History[edit]
Main articles: History of Cartagena, Colombia and Timeline of Cartagena, Colombia
Pre-Columbian era: 4000 BC – 1500 AD[edit]
The Puerto Hormiga Culture, found in the Caribbean coast region, particularly in the area from the Sinú River Delta to the Cartagena Bay, appears to be the first documented human community in what is now Colombia. Archaeologists estimate that around 4000 BC, the formative culture was located near the boundary between the present-day departments of Bolívar and Sucre. In this area, archaeologists have found the most ancient ceramic objects of the Americas, dating from around 4000 BC. The primary reason for the proliferation of primitive societies in this area is thought to have been the relative mildness of climate and the abundance of wildlife, which allowed the hunting inhabitants a comfortable life.[2][3][4]

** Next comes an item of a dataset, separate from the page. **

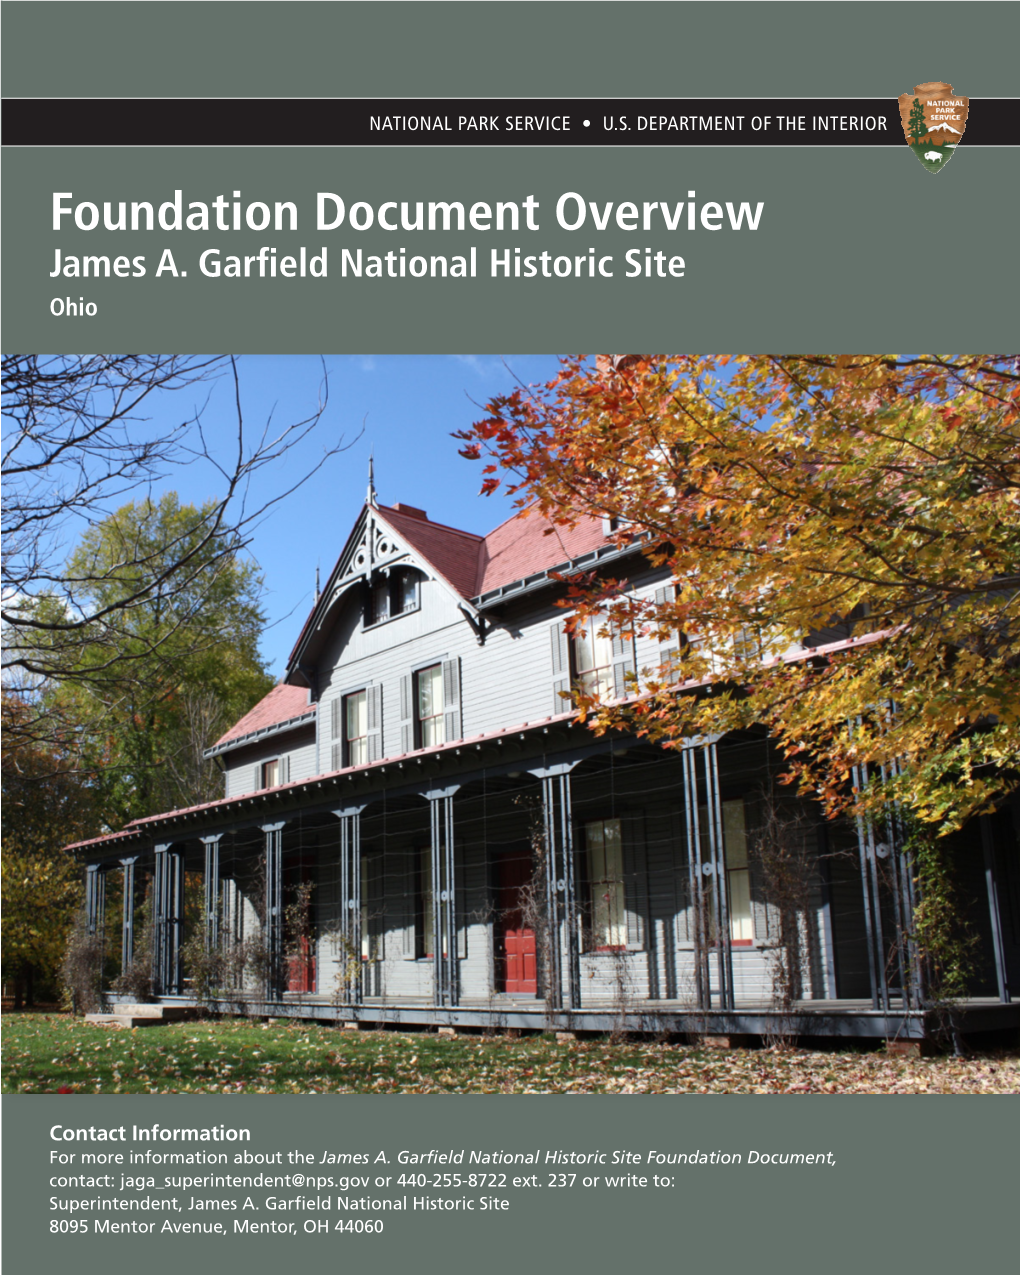 Foundation Document Overview, James A. Garfield National Historic

Archaeological investigations date the decline of the Puerto Hormiga culture and its related settlements to around 3000 BC. The rise of a much more developed culture, the Monsú, who lived at the end of the Dique Canal near today's Cartagena neighborhoods Pasacaballos and Ciénaga Honda at the northernmost part of Barú Island, has been hypothesized. The Monsú culture appears to have inherited the Puerto Hormiga culture's use of the art of pottery and also to have developed a mixed economy of agriculture and basic manufacture. The Monsú people's diet was based mostly on shellfish and fresh and salt-water fish.[5]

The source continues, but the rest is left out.